Skills
Use these skill folders with the tutorial.
MCAF lists only the skills bundled in this repository. .NET skills live in the dedicated Managed Code Skills catalog.
Create or update an ADR under `docs/ADR/` for architectural decisions, dependency changes, data-model changes, or cross-cutting policy shifts. Use when the user asks to write, update, or document an ADR, record a design decision, capture architecture trade-offs, or justify a repo-wide technical policy.
Shape delivery workflow around backlog quality, roles, ceremonies, and engineering feedback. Use when defining how the team plans, tracks work, and turns feedback into durable improvements.
Create or update `docs/Architecture.md` as the global architecture map for a solution. Use when bootstrapping a repo, onboarding, or changing modules, boundaries, or contracts. Keep it navigational and use `references/overview-template.md` for scaffolding.
Design or refine CI/CD workflows, quality gates, release flow, and safe AI-assisted pipeline authoring. Use when adding or changing build pipelines, release stages, IaC-driven environments, or deployment rollback policy.

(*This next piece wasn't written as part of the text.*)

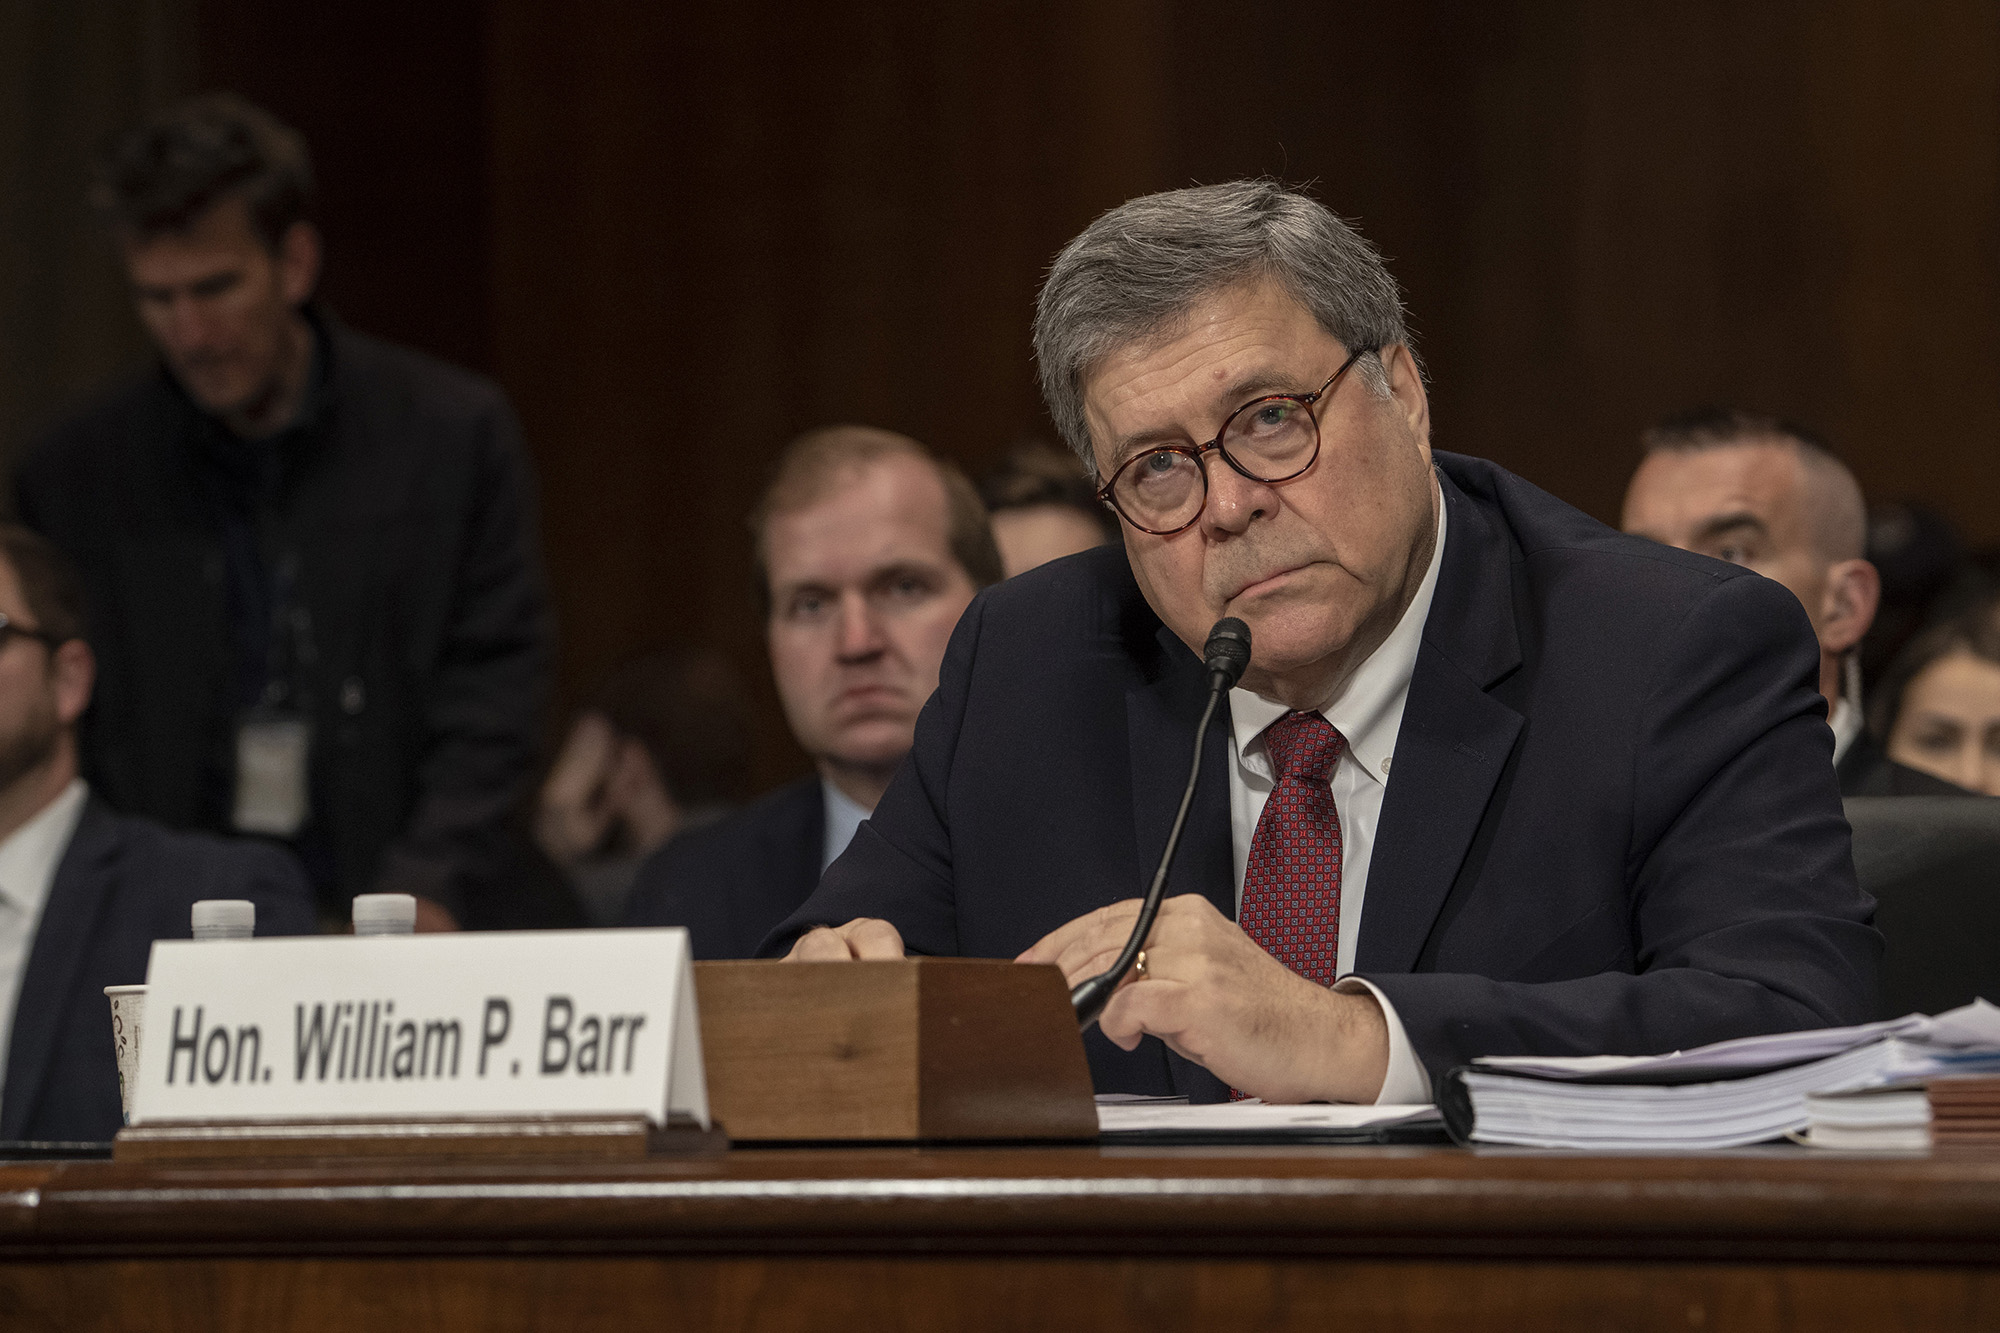 The truth had set us free, well, until Barr was sworn in

Prepare for, perform, or tighten code review workflow: PR scope, review checklist, reviewer expectations, and merge hygiene. Use when shaping pull requests, defining review policy, or auditing whether a change is review-ready.
Improve developer experience for multi-component solutions: onboarding, F5 contract, cross-platform tasks, local inner loop, and reproducible setup. Use when the repo is hard to run, debug, test, or onboard into.
Create or refine durable engineering documentation: docs structure, navigation, source-of-truth placement, and writing quality. Use when a repo’s docs are missing, stale, duplicated, or hard to navigate, or when adding new durable engineering guidance.
Create or update a feature spec under `docs/Features/` with business rules, user flows, system behaviour, verification, and Definition of Done. Use when the user asks for a feature spec, executable requirements, acceptance criteria, behaviour documentation, or a pre-implementation plan for non-trivial behaviour changes.
Plan a human review for a large AI-generated code drop by reading the target area, tracing the natural user and system flows, identifying the riskiest boundaries, and prioritizing the files a human should inspect first. Use when the codebase is too large to review line-by-line and you need a practical review sequence plus a prioritized file list.
Apply ML/AI project delivery guidance for data exploration, feasibility, experimentation, testing, responsible AI, and operating ML systems. Use when the repo includes model training, inference, data science workflows, or ML-specific delivery planning.
Capture or refine non-functional requirements such as accessibility, reliability, scalability, maintainability, performance, and compliance. Use when a feature or architecture change needs explicit quality attributes and trade-offs.
Design or improve observability for application and delivery flows: logs, metrics, traces, correlation, alerts, and operational diagnostics. Use when a change affects runtime visibility, failure diagnosis, SLOs, or alerting.
Apply baseline engineering security guidance: secrets handling, secure defaults, threat modelling references, and review checkpoints for auth, data flow, pipelines, and external integrations. Use when a change has security impact but does not require a full standalone AppSec engagement.
Apply SOLID, SRP, cohesion, composition-over-inheritance, and small-file discipline to code changes. Use when refactoring large files or classes, setting maintainability limits in `AGENTS.md`, documenting justified exceptions, or reviewing design quality.
Set up or refine solution-level governance for MCAF repositories: root and project-local `AGENTS.md`, rule precedence, solution topology, skill routing, and maintainability-limit policy placement. Use when bootstrapping a repo, restructuring a multi-project solution, or tightening agent rules.
Set or refine source-control policy for repository structure, branch naming, merge strategy, commit hygiene, and secrets-in-git discipline. Use when bootstrapping a repo, tightening PR flow, or documenting branch and release policy.
Add or update automated tests for a change using the repository’s verification rules in `AGENTS.md`. Use when implementing a feature, bugfix, refactor, or regression test; prefer stable integration/API/UI coverage and pull deeper test strategy from the bundled references.